I really think that Indiana needs to scour the DII and mid-major ranks for a coach that just plain knows basketball. I don't know who that is, but I'm impressed with the fellow at Virginia Tech (despite a loss to VMI), I'm impressed with the fellow at Evansville (despite a bad 2005, I think the team is making nice progress after Jim Crews--I hate to bash a Knight guy--really ran that team into the ground), and I like Dan Dakich at Bowling Green--he's ready for a bigtime job, I think. I like Dick Bennett, actually, but I don't think they could get him there...it would be interesting, though, with his daughter coaching the gal's team.
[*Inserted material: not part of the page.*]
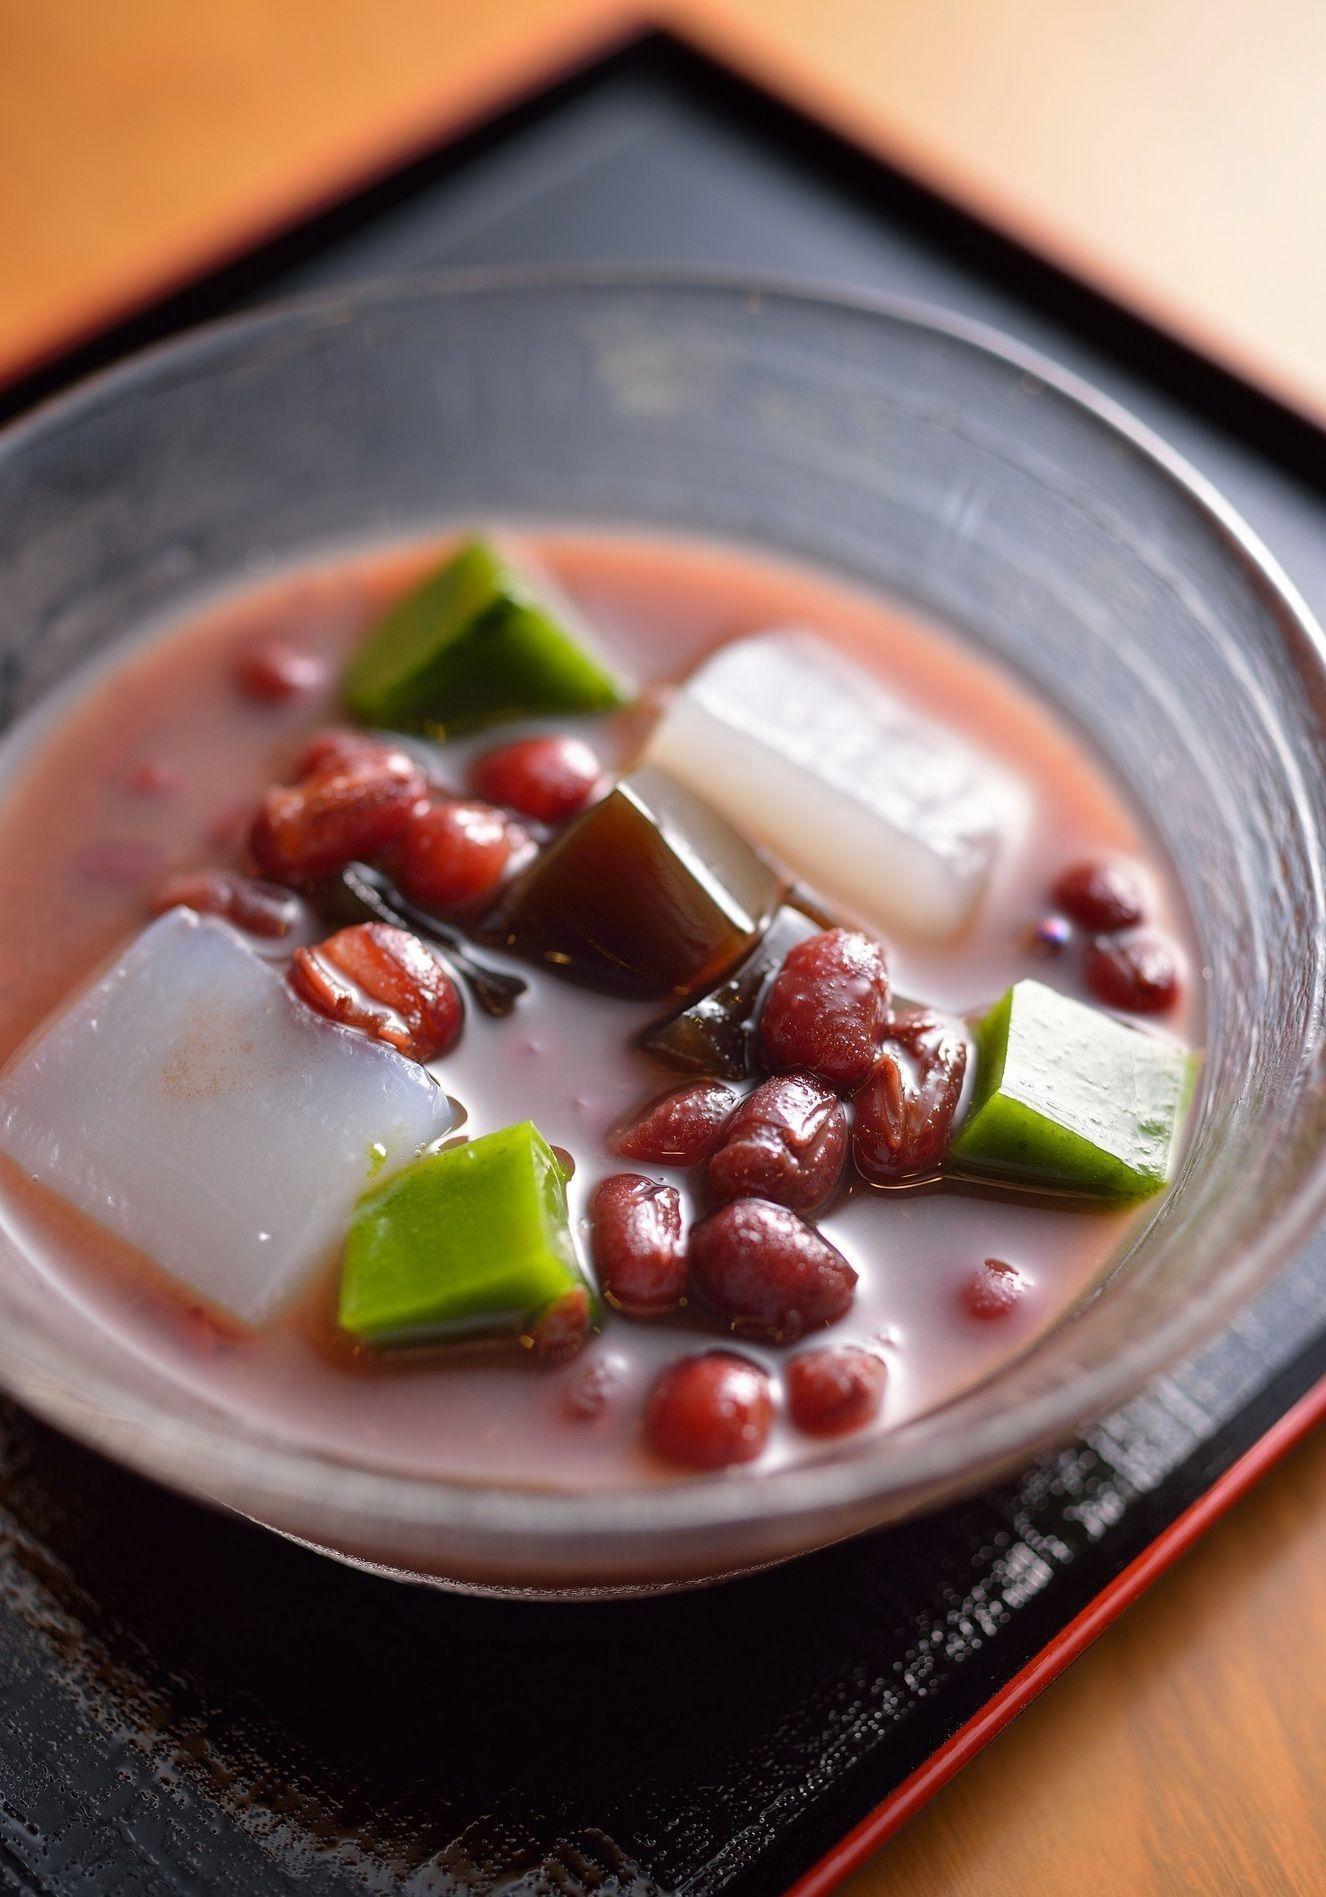 京都に来たら絶対食べなきゃ損!和から洋まで絶品デザート10選♡の画像

Chaney has always been a hot temper. When he was doing most of his shenanigans, Bobby Knight was doing worse so his antics went under the radar. Now that Knight is at Texas Tech and behaving reasonably, Chaney is more noticeable. That said, just like Knight at IU, Chaney will soon wear out his welcome, and I think this incident will be the end of his career there, or at least the beginning of the end.
What is evident is that the writer of this article cops to giving Cheney a pass for a long time. What he won't say is why, but I think we know the reason. Sort of like what Rush was saying about the media and McNabb.
You're kidding? He's still manager? I think he's endeared himself to Pirates' fans forever with the base-throwing incident.
The situation with the Pirates is different, though. If they fire him, they might actually need to replace him with someone who would actually demand a salary or make other demands on the ownership. McClendon does his job (poorly) and shuts up and that's good enough for the Pirates.